The State Property Fund will be the main recipient of assets recovered from the state under the law “On Sanctions”, so it is advisable from the very beginning to transfer the management of these seized objects to it, rather than to the National Agency for Identification, Search and Management of Assets from Corruption and Other Crimes (ARMA), Deputy Economy Minister Serhiy Sobolev said.
“We support the idea to transfer asset management from ARMA to the State Property Fund,” he said at the presentation of Transparency International Ukraine and Ukrainska Pravda’s project, an online platform “How to confiscate Russian assets in Ukraine?” in Kiev this week.
The discussion cited specific examples of difficulties with the assets of the sub-sanctioned individuals due to the fact that legal proceedings against them go on in parallel in criminal cases, where the seized assets are transferred to ARMA, and through a special recovery procedure in the Supreme Anti-Corruption Court (SACS), following which they end up mostly in the FGI.
According to Sobolev, if the State Property Fund will manage such assets from the very beginning, it will be clear from the beginning who is responsible for them.
According to the Deputy Minister, of the thousands of sanctioned persons and ten thousand legal entities, about 400 have assets in Ukraine, and significant assets – “somewhere up to a hundred”, while the SACS has so far issued 23 decisions.
“That is work ahead of 1.5-2 years.
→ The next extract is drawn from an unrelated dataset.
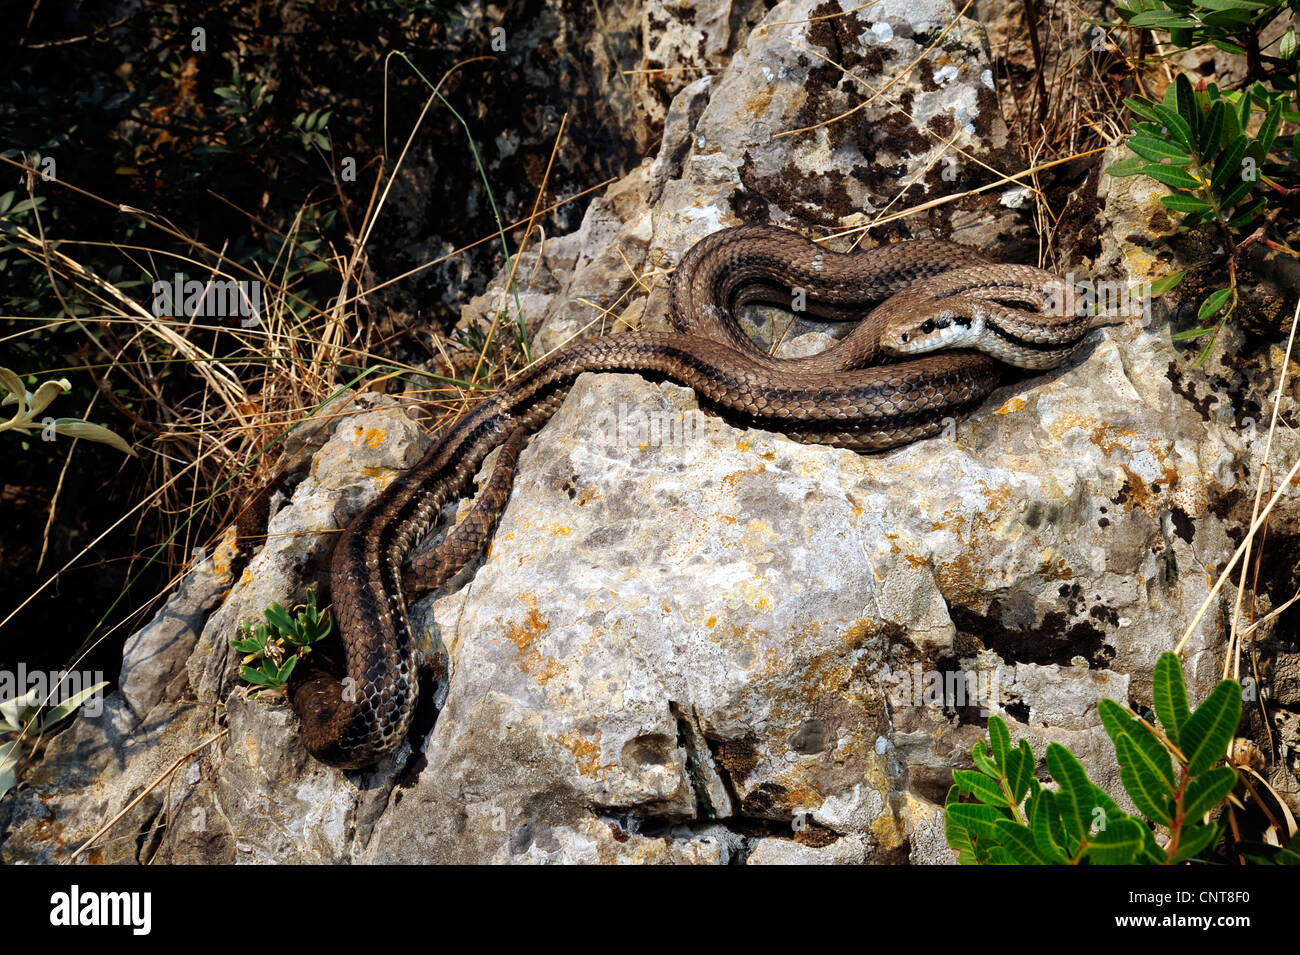 four-lined snake, yellow rat snake (Elaphe quatuorlineata), lying on a rock, Greece, Peloponnes, Natura 2000 Area Gialova Lagune, Gialova Stock Photo

I think, next year we will go through it, the rest – not such large assets,” – predicted Sobolev, expressing the wish that the cases with the largest assets passed this year, and then the State Property Fund promptly sold them.
He emphasized that this is important also because it is important to keep the staff and workability of the enterprises levied to the state.
At the presentation, a representative of the Office of the Prosecutor General Ivan Kibalchychich said that 260 sentences had already been handed down in criminal cases against sub-sanctioned persons and collaborators, including 120 with confiscation of property.